I tried my first shot at inquarting and cornflaking my percipitated silver with the gold from my electrolytic cell. The melted gold weighed 11.5 g and the assumed silver powder weighed 29.5 g.

When I began melting the silver powder, I ran into the exact situation that Chris pointed out in his comment on my silver percipitation tutorial... a translucent milky film. There was a lot more than I expected, so as he said, my silver did not fully convert from the chloride. I went ahead with the inquarting and ended up with this after cornflaking the mix:






The cornflakes weigh 28.5 grams total so I figure I had quite a bit of unconverted silver chloride ( 12.5 grams!!!  ). I guess this shows I need a little more practice myself when it comes to converting silver chloride to silver.

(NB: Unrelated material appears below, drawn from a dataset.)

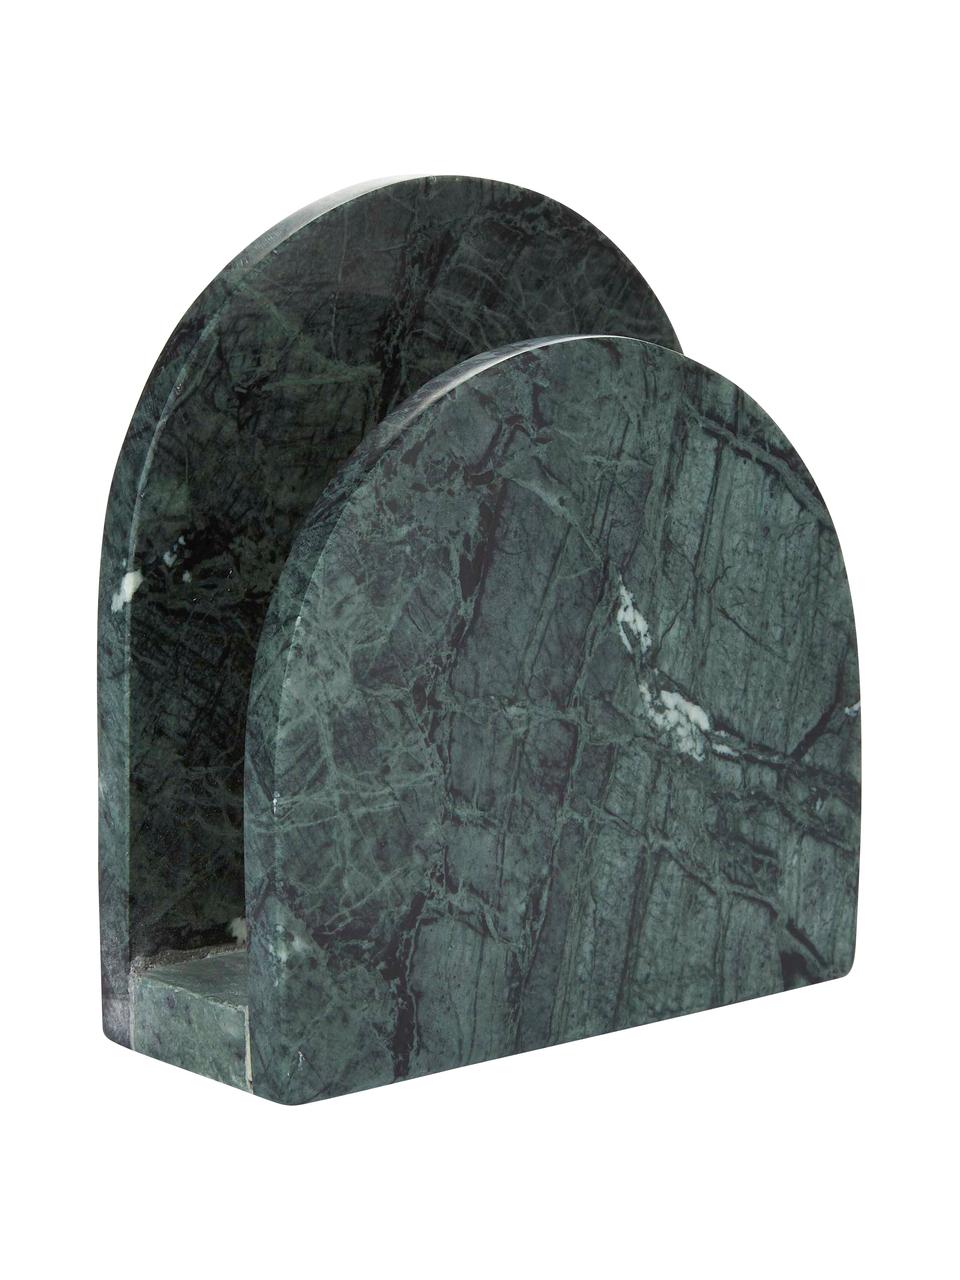 Porte-serviettes marbre Charlton, Marbre, Vert, larg. 15 x haut. 14 cm

:idea: I learned that Chris and Harold are right on the money when it comes to silver chloride:
Never dry the chloride out, leave it submerged in water after dropping it from the nitric solution. Rinse it well and always convert the chloride wet. 

Thanks for all the great tips guys, don't give up hope on me yet, I'll get the hang of the purification steps soon enough.

Any and all advice will be greatly appreciated (like how do I get the melted silver chloride out of the melting dish ).
Steve


----------



## Harold_V

lazersteve said:


> Any and all advice will be greatly appreciated (like how do I get the melted silver chloride out of the melting dish ).
> Steve



Here's a good case for using soda ash. While I don't recommend you reduce silver chloride with a torch, especially in a dish, if your dish is so contaminated, get everything molten, then introduce soda ash and get it in the mix. You'll see silver prills form before your very eyes. 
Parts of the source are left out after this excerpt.